Output: Complete distEclud + randCent + kMeans pipeline, result table result_set, common error diagnosis and fix quick reference.
Python Implementation
Import Dependencies
import numpy as np
import pandas as pd
import matplotlib.pyplot as plt
from IPython.core.interactiveshell import InteractiveShell
InteractiveShell.ast_node_interactivity = "all"
# Fix negative sign display issue on axes
plt.rcParams['axes.unicode_minus'] = False
# Fix Chinese font issue
plt.rcParams['font.sans-serif'] = ['Simhei']
Import Dataset
Using the Iris dataset as example:
import numpy as np
import pandas as pd
import matplotlib as mpl
import matplotlib.pyplot as plt
%matplotlib inline
# Import dataset
iris = pd.read_csv("iris.txt",header = None)
iris.head()
iris.shape
Write Distance Calculation Function
We need to define a function to calculate Euclidean distance between two arrays of equal length. When not directly applying the result but only comparing distances, we can use squared distance sum instead of actual distance, simplifying the square root computation and reducing calculation load. Additionally, for distance calculations, feature scale unification is crucial—different scales easily bias the model toward features with larger magnitudes.
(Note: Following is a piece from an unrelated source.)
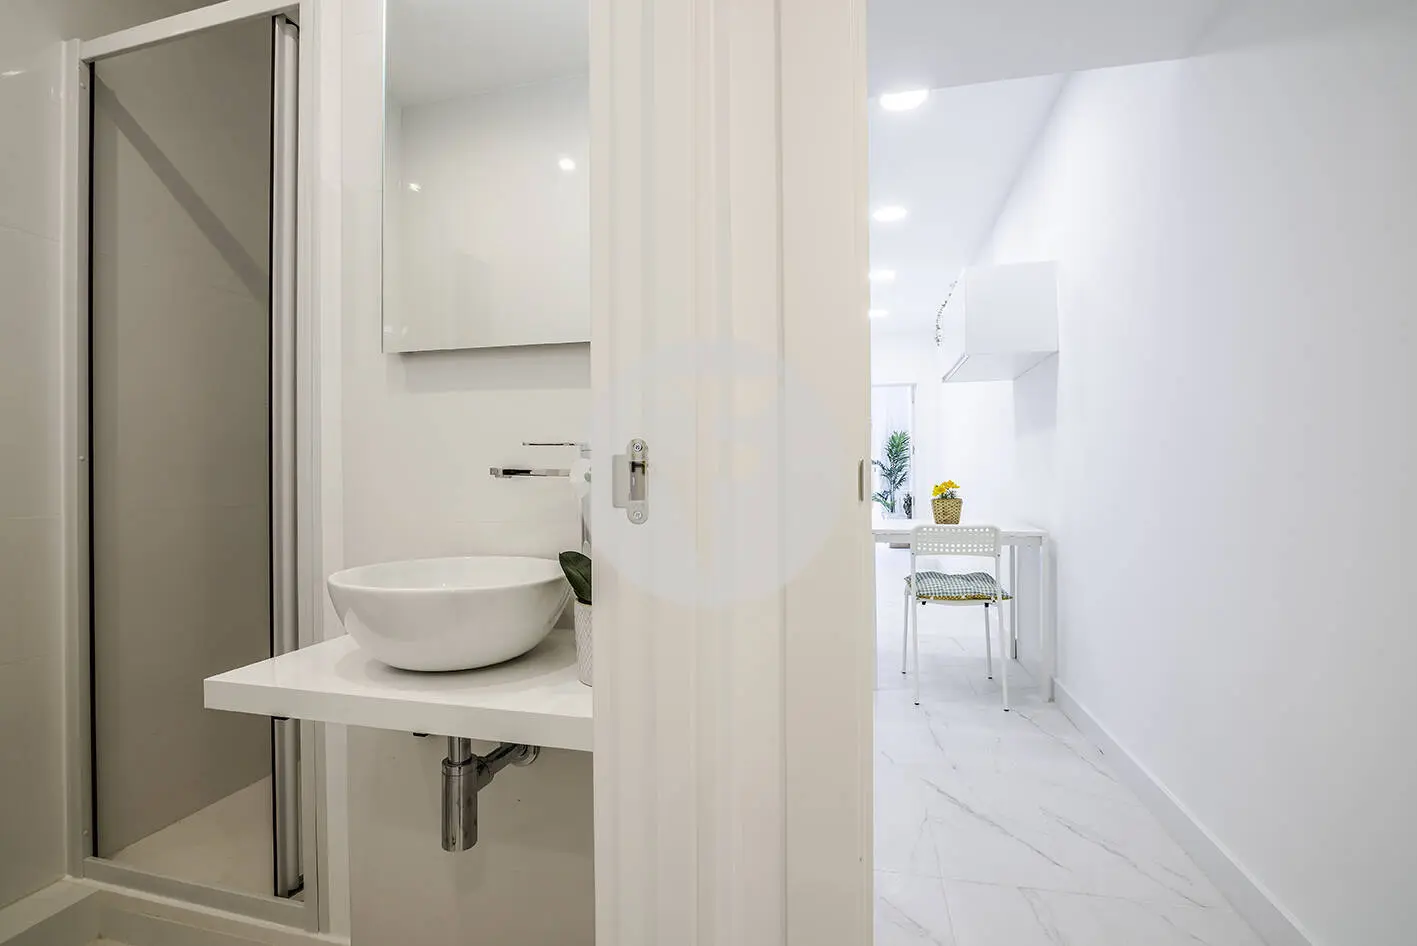 Brand new completely renovated apartment on Aragó street in the heart of El Clot in Barcelona. 27

Function: Calculate Euclidean distance between two datasets Input: Two array datasets Return: Euclidean distance between datasets (using squared distance sum here)
def distEclud(arrA, arrB):
d = arrA - arrB
dist = np.sum(np.power(d, 2), axis=1)
return dist
Write Random Centroid Generation Function
When defining the random centroid generation function, follow these steps:
- Calculate data range: Iterate through each column (feature) in the dataset, calculate minimum (min) and maximum (max)
- Generate random centroids: Generate k centroids based on user-specified number of clusters
Parameters:
- Input: dataSet (complete dataset with labels), k (number of centroids to generate)
- Output: data_cent (generated k centroids)
def randCent(dataSet, k):
# n is the number of columns, assuming dataSet is a DataFrame
n = dataSet.shape[1]
# Get min and max for each column (only use first n-1 columns, last column is label/category)
data_min = dataSet.iloc[:, :n-1].min()
data_max = dataSet.iloc[:, :n-1].max()
# Generate k random center points between min and max
data_cent = np.random.uniform(data_min, data_max, (k, n-1))
return data_cent
Write K-Means Clustering Function
def kMeans(dataSet, k, distMeas=distEclud, createCent=randCent):
# Get dataset dimensions, m is rows, n is columns
m, n = dataSet.shape
# Initialize centroids, generate k random centroids
centroids = createCent(dataSet, k)
# Initialize clusterAssment matrix
clusterAssment = np.zeros((m, 3))
clusterAssment[:, 0] = np.inf
clusterAssment[:, 1:3] = -1
# Merge dataset and clusterAssment to form result_set
result_set = pd.concat([dataSet, pd.DataFrame(clusterAssment)], axis=1, ignore_index=True)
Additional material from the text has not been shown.